What is it about winter that makes me want to eat bread all day? Everyday. And pasta too. With garlic bread on the side. I’ve made a bunch of soups these past weeks which I figured would make for healthful lunches (when I make a soup I make like, a bucket of it). And yes there were healthful lunches, I suppose, if you consider the buttered the roll I ate everyday alongside healthful too. Ah well. And the ironic part is it’s not even been that cold out! Today reached such a balmy 65 degrees that our daffodil bulbs lovingly planted last fall are coming up they’re so confused! So anyway, I needed a meal that was carb-free … ish. And while legumes are technically carbs I guess – (insert scrunched up frowny face here), they’re certainly neither bread nor pasta, which was plenty good enough for me. The recipe shot to the top of my must-try list.
I’m super glad it did, because this was fantastic! Definitely one of those must-make every season, repeatedly, type recipes. And it’s a simple dish to throw together too. The (abbreviated) rundown – rub colorful red spice with fancy-sounding Spanish name on chicken, bake. Meanwhile, simmer lentils with some stuff. Puree said stuff. Add back to lentils. Serve. OK, maybe I skipped a few minor details, but that’s the rough draft if you will. The point is, it’s not hard. Completely doable on a weeknight. And so rewarding.

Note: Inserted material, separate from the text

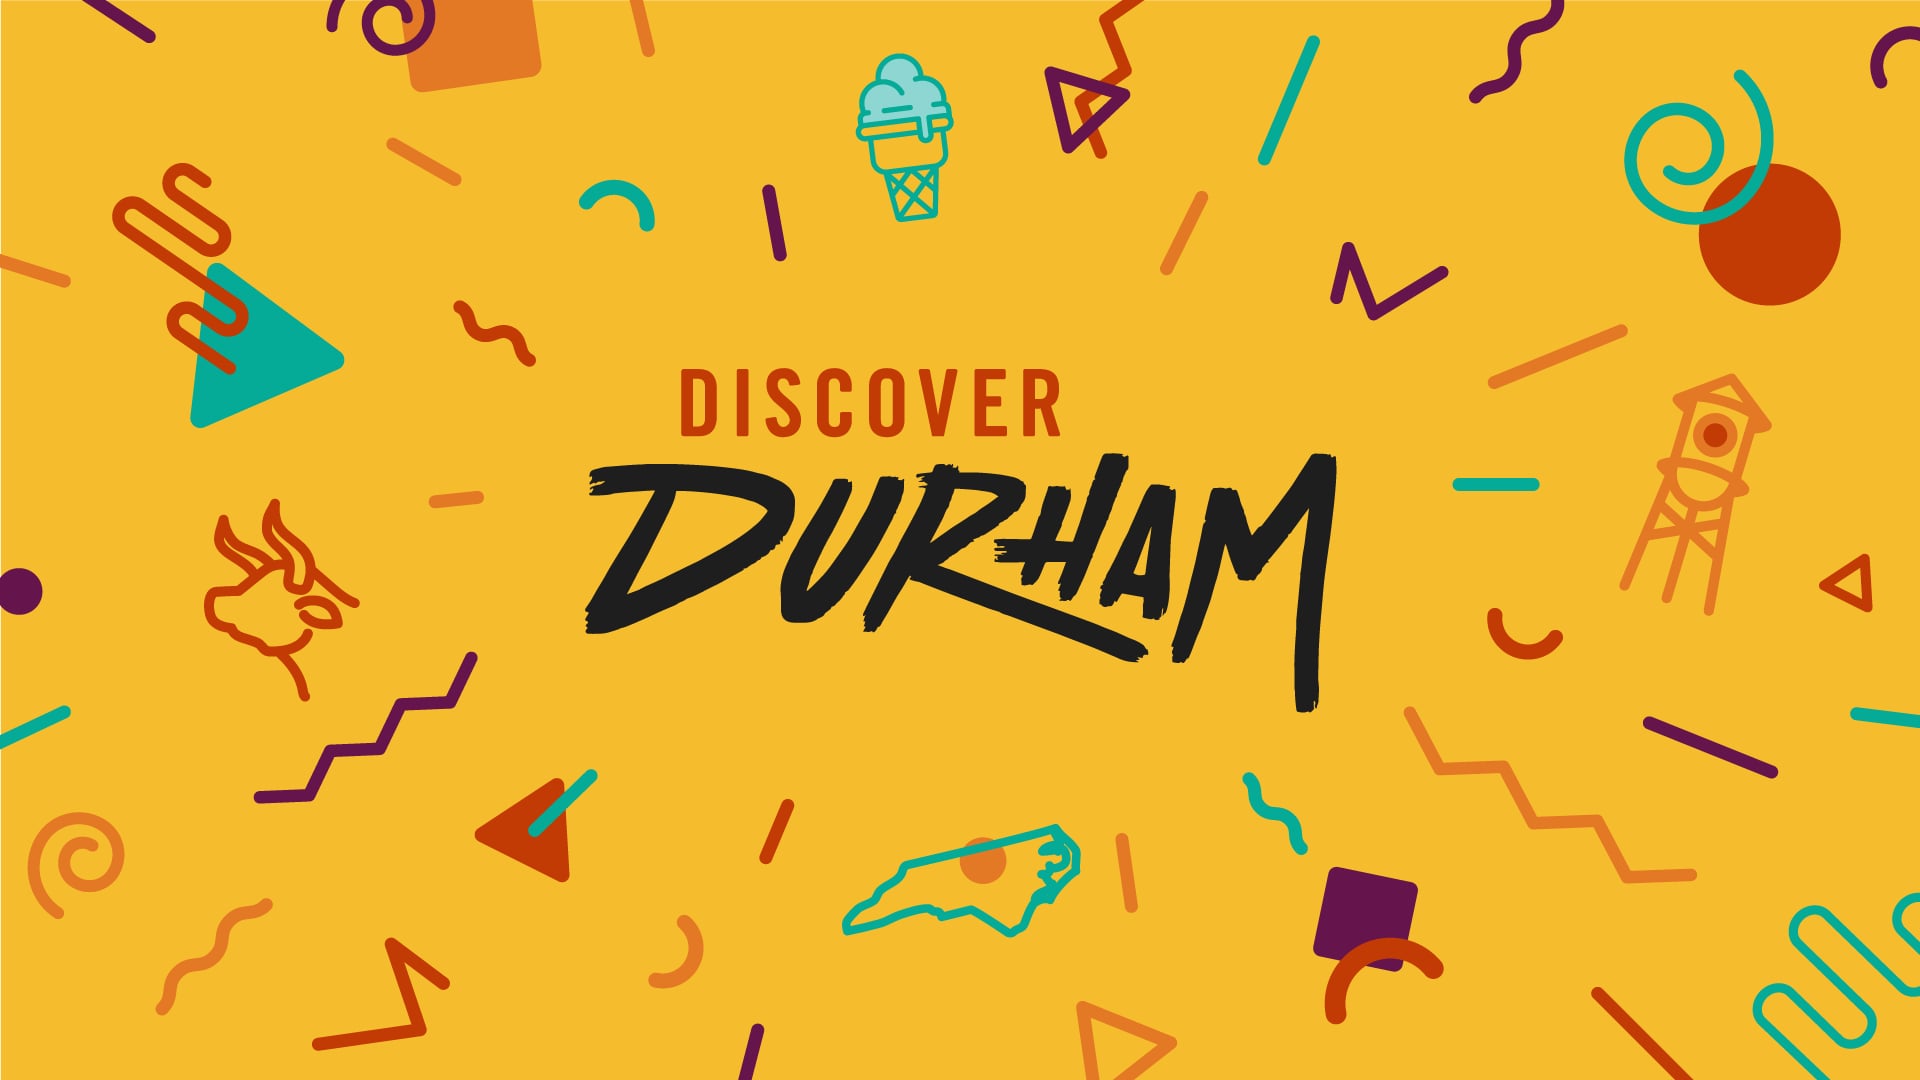 Discover Durham - Fall 2019 Ad Campaign

The ‘stuff’ you’re simmering the lentils with – green bell pepper, whole garlic cloves, carrot, leek – really infuse the lentils with nice flavor. As those vegetables simmer their flavors intensify and sweeten; pureed and added back into the lentils is just brilliant – such an A-HA idea right?! I had total respect for the recipe just reading it.
The chicken thighs will render some fat as they bake. This is OK. Just lift them out of the baking dish with tongs and if you like, pat off any excess grease. OR you could bake them on a rack over a baking sheet. I don’t often enjoy chicken with the skin so when I do, it’s such a treat! And it makes the chicken more filling, so for me in this case 1 thigh was plenty and our sweet pooch got to enjoy some yummy leftovers (but no chicken skin for the pooch, just shredded meat, fancy-sounding spices washed off – she didn’t seem to mind).
roast chicken thighs with lentil stew
- 6 Tbs olive oil
- 2 slices thicker-cut bacon
- 1 small onion, finely chopped
- 1 quart chicken stock or broth
- 8 garlic cloves, plus 1 Tbs chopped garlic
- 1 medium carrot, halved lengthwise
- 1 small leek, white and pale green parts only, halved lengthwise and rinsed
- 1 large green bell pepper, quartered
- 1 1/4 cup green (French) lentils
- 1 thyme sprig
- 4 large chicken thighs, bone-in and skin-on (about 2 lbs)
- Pimentón de la Vera
- 2 tsp sherry vinegar
1. Preheat oven to 450. In a large saucepan, heat 1 Tbs oil. Add the bacon and cook over moderate heat until golden brown, about 4 min. Add the onion and cook, stirring, about 3 minutes, until softened. Add the stock, whole garlic cloves, carrot, leek, bell pepper, lentils and thyme. Bring to a boil. Reduce heat and simmer over low heat for 30 minutes, until lentils are tender.
2. Meanwhile, pat chicken dry with paper towels. In a baking dish, drizzle chicken with 1 Tbs oil and season generously with salt and pimentón, rubbing spices into the skin with your fingers. Roast on the top rack of the oven for about 40 minutes, until chicken is cooked through and juices run clear when pierced with a knife.
3. Discard the thyme sprig from lentils. Transfer the garlic, carrot, leek, and bell pepper to a blender. Add 1/4 cup cooking liquid and puree. Drain the lentils and return them to the pot. Stir in the pureed vegetables.
4. In a small skillet, heat remaining 1/4 cup oil. Add the chopped garlic and cook over low heat 1 minute. Add 1 tsp pimentón. Scrape the mixture into the lentils and simmer 5 minutes. Add the vinegar and season to taste with salt. Serve the chicken over the lentils.
Serves 2-4 (depending on 1 or 2 pieces chicken per person)
Serve with a green salad or green vegetable. (Or if you must, with crusty bread. I won’t tell).